Cardiovascular disease is the most prevalent cause of death in Western countries, with acute myocardial infarction (MI) being the most prevalent form. This paper describes a protocol for studying the role of galectin 3 (Gal-3) in the temporal evolution of cardiac healing and remodeling in an experimental animal model of MI.

The procedures described include an experimental model of MI with a permanent coronary ligature in male C57BL/6J (control) and Gal-3 knockout (KO) mice, an echocardiography procedure to study cardiac remodeling and systolic function in vivo, a histological evaluation of interstitial myocardial fibrosis with picrosirius red-stained and rhodamine-conjugated lectin-stained sections for studying myocyte hypertrophy by the cross-sectional area (MCSA), and the quantification of infarct size and cardiac remodeling (scar thinning, septum thickness, and expansion index) by planimetry in slices stained with Masson's trichrome and triphenyl tetrazolium chloride. Gal-3 KO mice with MI showed disrupted cardiac remodeling and an increase in the scar thinning ratio and the expansion index. At the onset of MI, myocardial function and cardiac remodeling were also severely affected. At 4 weeks post MI, the natural evolution of fibrosis in infarcted Gal-3 KO mice was also affected.

In summary, the experimental model of MI is a suitable model for studying the temporal evolution of cardiac repair and remodeling in mice with the genetic deletion of Gal-3 and other animal models. The lack of Gal-3 affects the dynamics of cardiac repair and disrupts the evolution of cardiac remodeling and function after MI.

Myocardial infarction (MI) is the most prevalent form of cardiovascular disease. After MI, the myocardium undergoes serial morphological and functional changes, including the healing of the MI infarct zone, ventricular remodeling (VR), and myocardial dysfunction¹. The healing of MI is a dynamic and well-orchestrated process associated with profound inflammatory infiltration that ends in the formation of a fibrotic scar^2,3. The experimental model of MI in mice is currently used for studying cardiac remodeling under pathological conditions^4,5, and awareness of the precise surgical protocol is essential to develop a reproducible and effective procedure for inducing a permanent coronary ligature. This method is needed to study the healing of MI and its relevance in the temporal evolution of left ventricular remodeling (LVR) and the cardiac dysfunction associated with MI.

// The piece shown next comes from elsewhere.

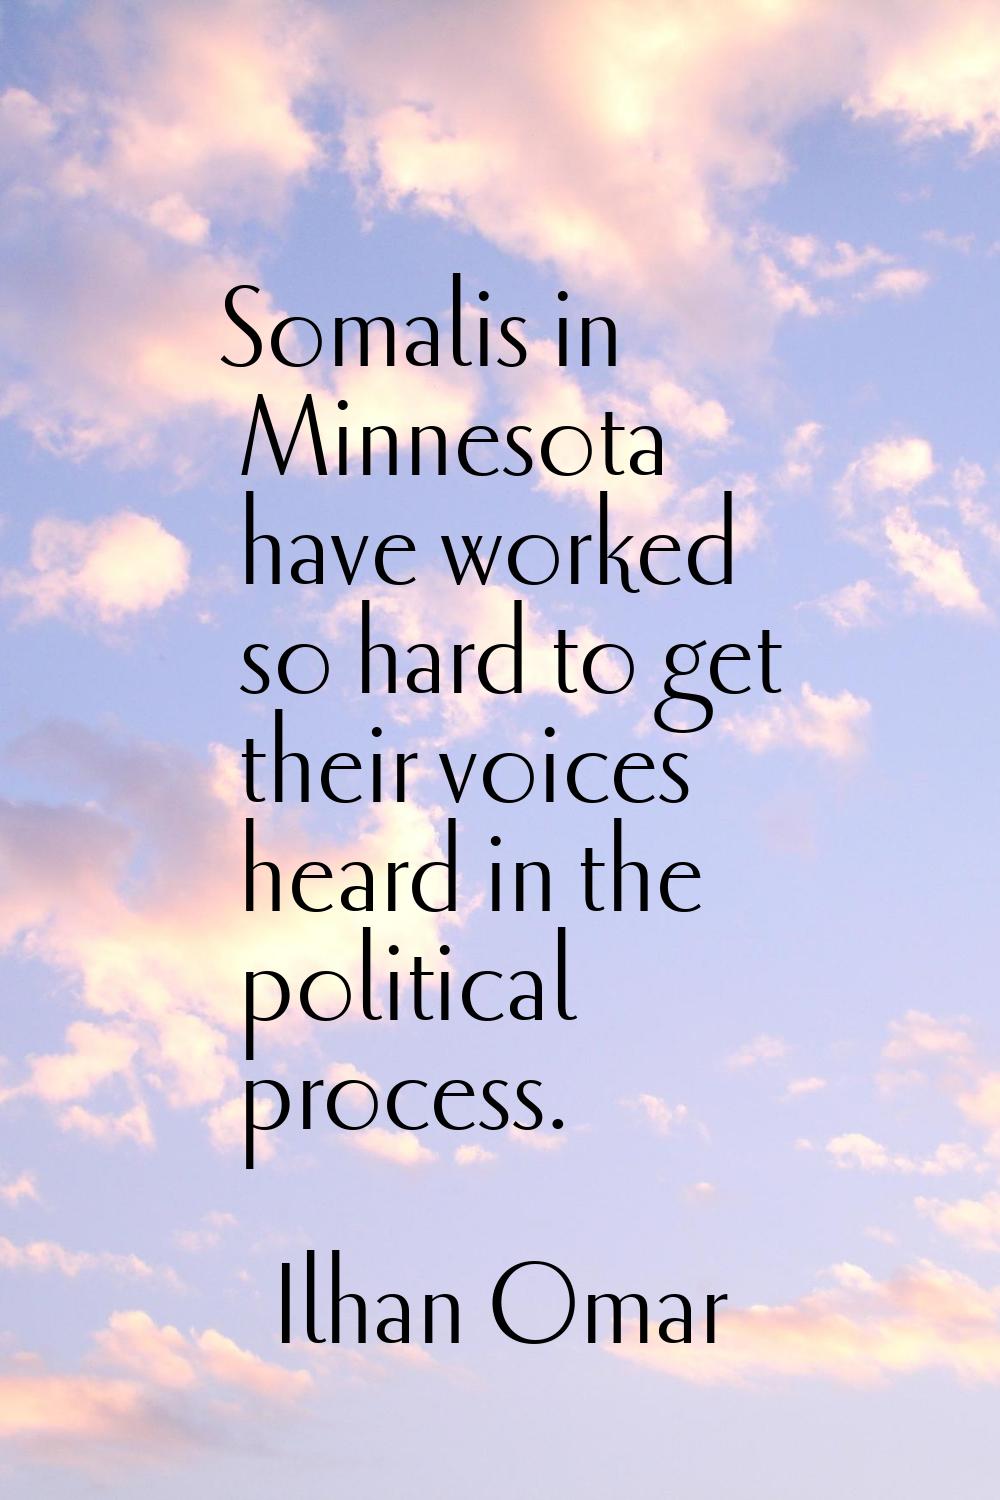 Somalis in Minnesota have worked so hard to get their voices heard in the political process.

Galectins are a group of lectins that recognize specific carbohydrates in intracellular ligands, membrane receptors, and extracellular glycoproteins. Galectin 3 (Gal-3) is a member of this family that acts through the recognition and cross-linking of N- and O-glycans in glycoconjugates on the cell surface, and it is widely expressed in the immune system⁶. Previous studies have investigated the role of Gal-3 as a regulator of inflammation and fibrosis in cardiovascular diseases^{7,8,9,10,11,12}. As targeting the regulatory factors of inflammation during healing is highly relevant because inflammation can notably affect the evolution of remodeling, we aimed to describe a protocol for studying the temporal evolution of post-MI ventricular remodeling and the steps and methods for determining how the genetic mutation of Gal-3 modifies the temporal evolution of healing in MI and affects cardiac remodeling and function in mice.

NOTE: All the experiments described in this protocol were approved by the Animal Care and Research Committee of the University of Buenos Aires (CICUAL), in line with the National Research Council (US) Committee for the Update of the Guide for the Care and Use of Laboratory Animals¹³. For the experiments, use male, age-matched C57BL/6J and Gal-3 KO mice (8-10 weeks old) weighing 30-35 g, which allow for better manipulation for surgery. Allow the animals access to water and food ad libitum. The Gal-3 KO mice were bred on a C57BL/6J background at the same bioresource facilities as the control C57BL/6J mice.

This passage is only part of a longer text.